Exact repetition of a range: find the line containing "Форма подписки Arzamas" and the line containing "Sterling Elite 560" in the material below, then repeat both and all lines between them, leaving pictures out.

_PROVIDED INFORMATION_
=-=-=-=-=
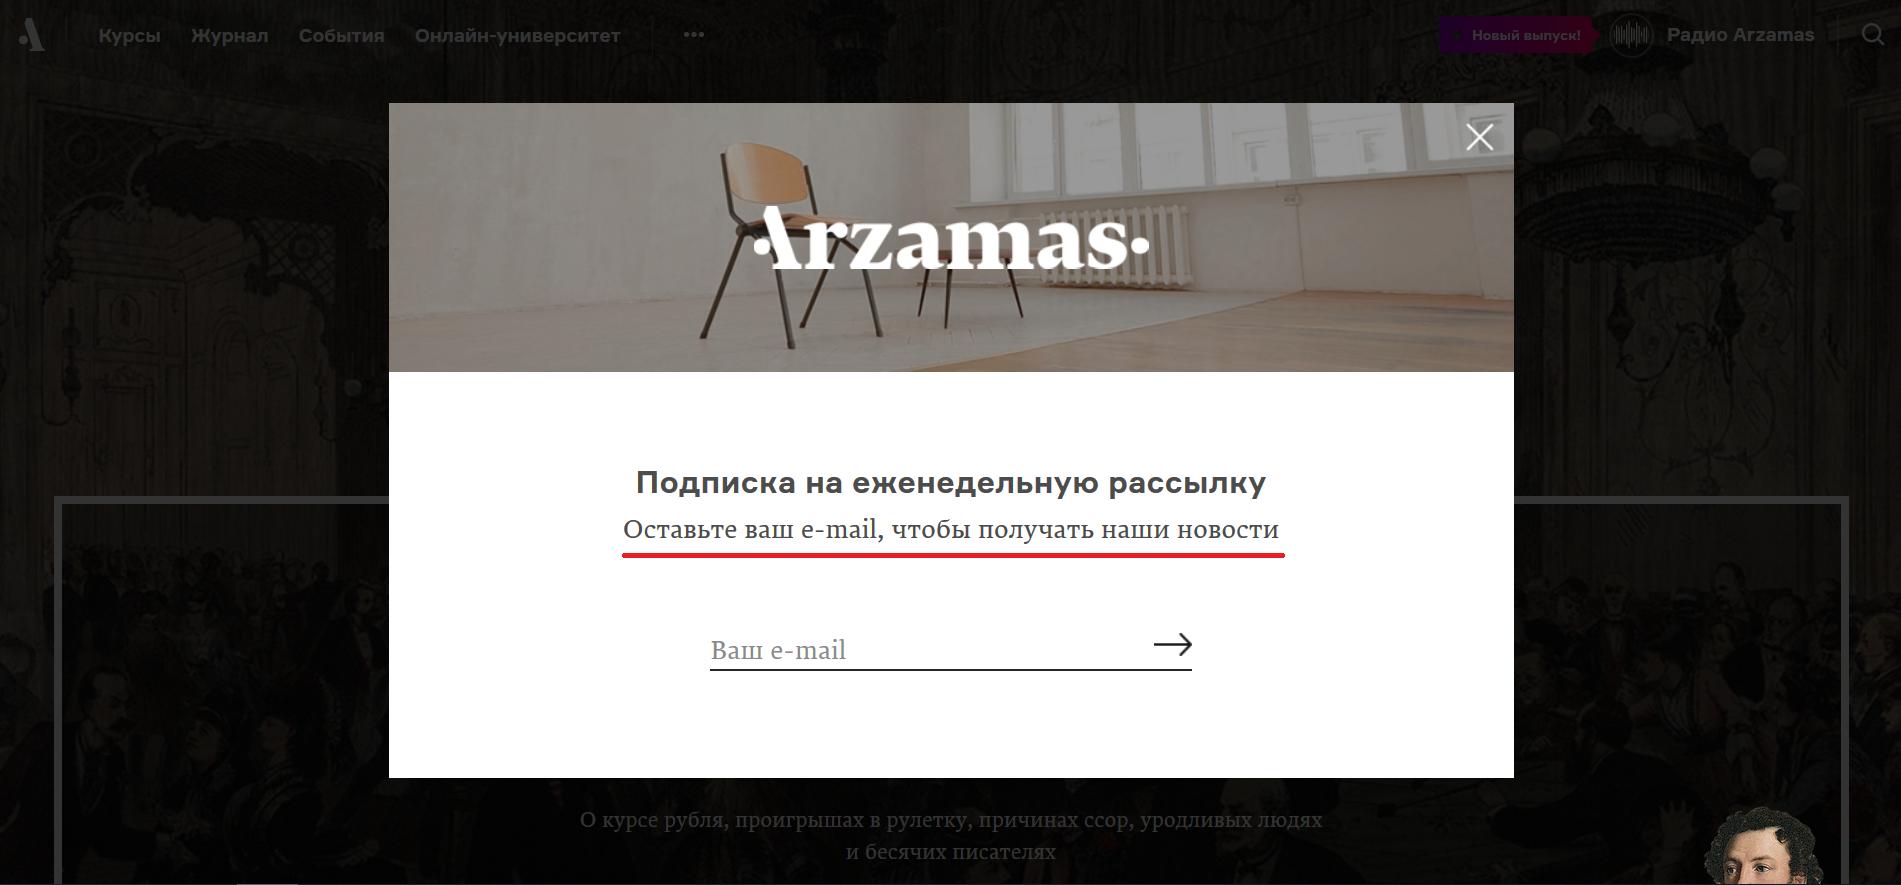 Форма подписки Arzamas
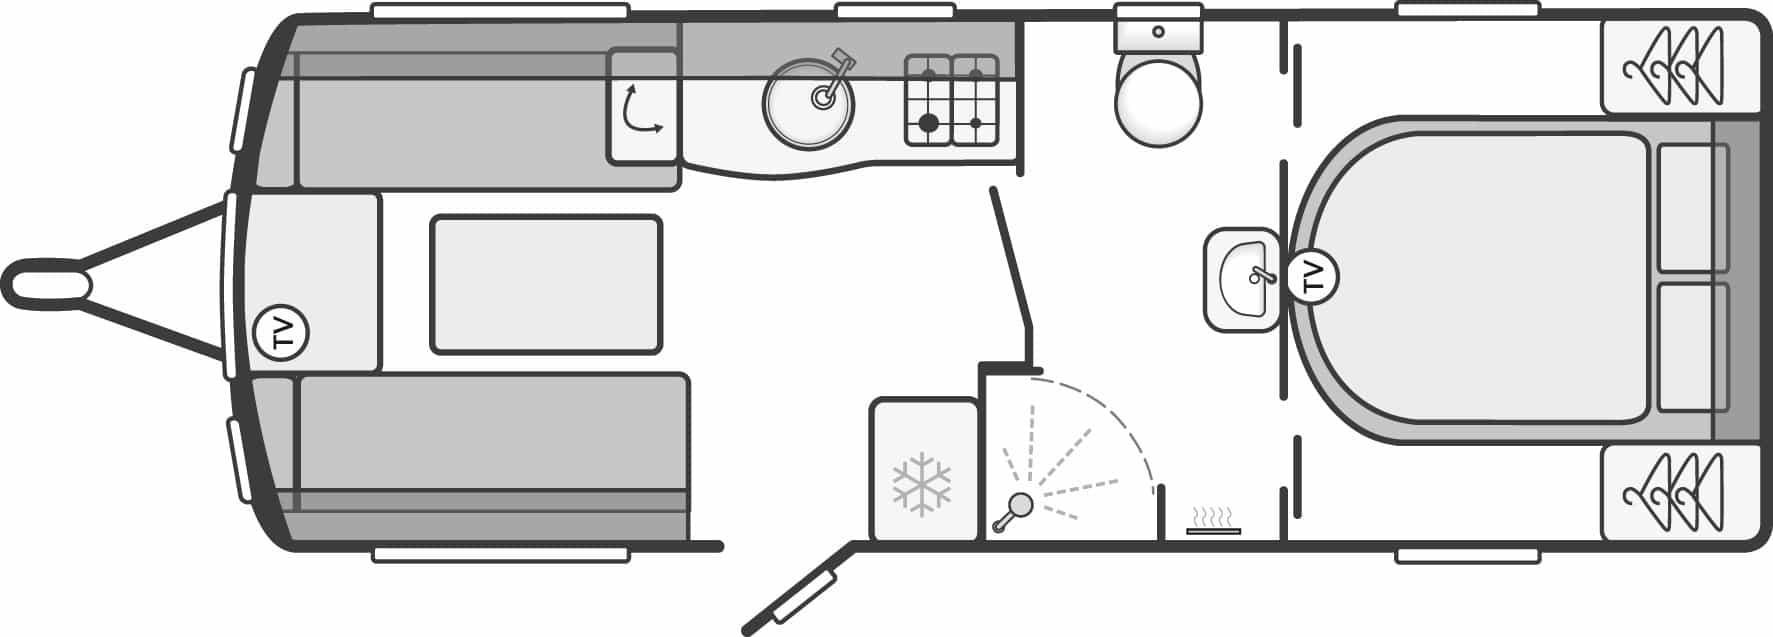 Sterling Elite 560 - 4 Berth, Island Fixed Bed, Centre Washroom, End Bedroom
=-=-=-=-=
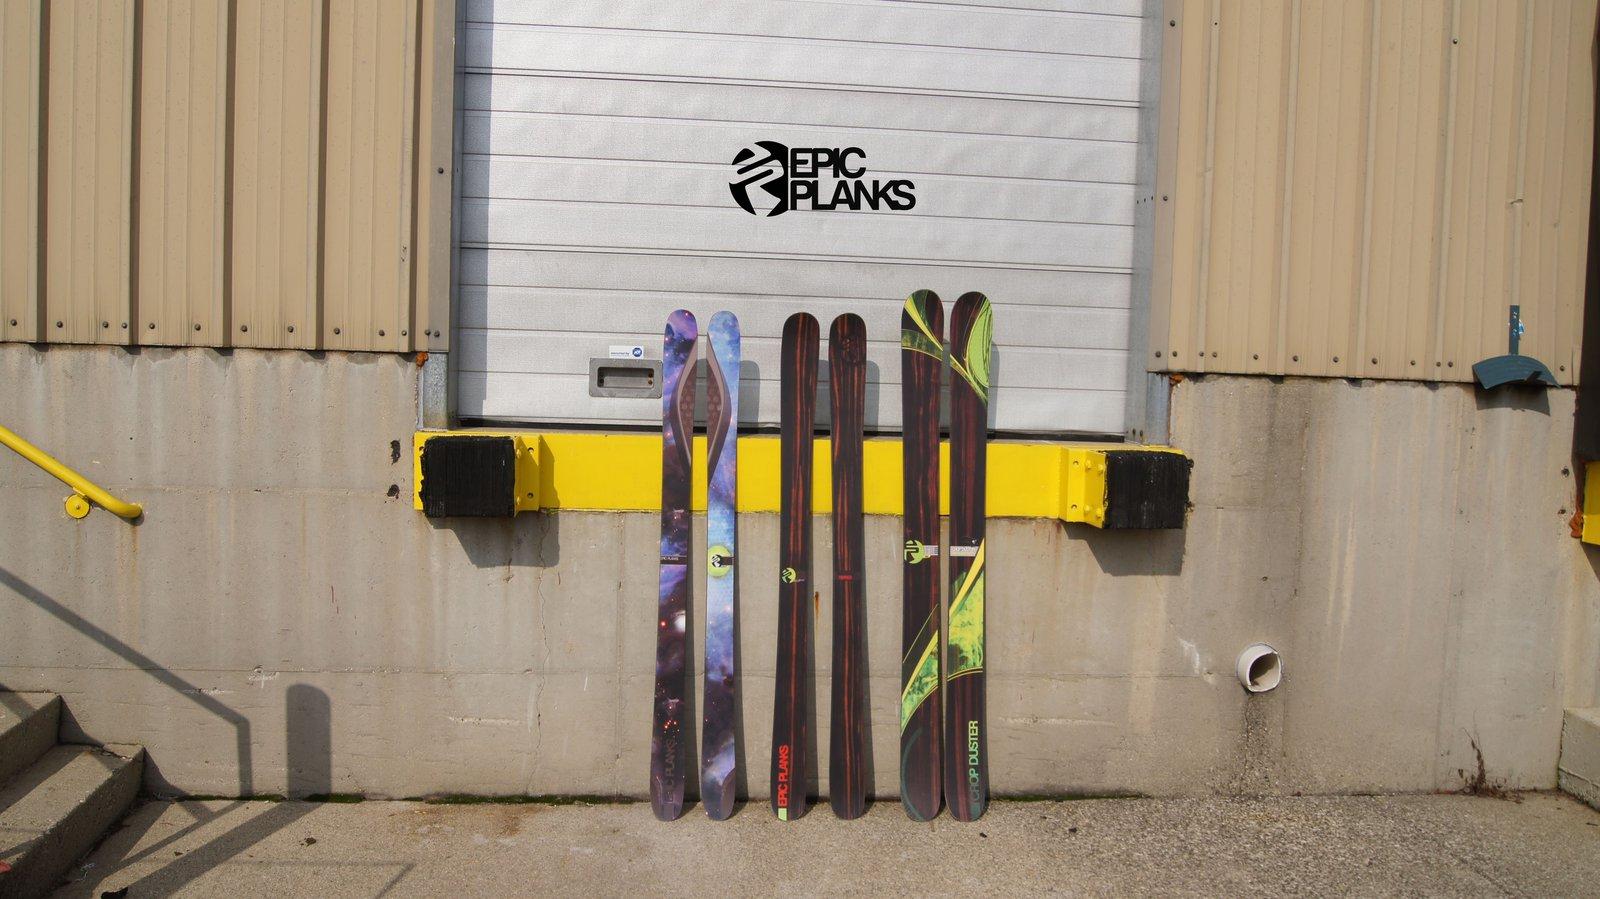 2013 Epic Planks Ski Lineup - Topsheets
=-=-=-=-=
_RESPONSE TO THE TASK_
 Форма подписки Arzamas
 Sterling Elite 560 - 4 Berth, Island Fixed Bed, Centre Washroom, End Bedroom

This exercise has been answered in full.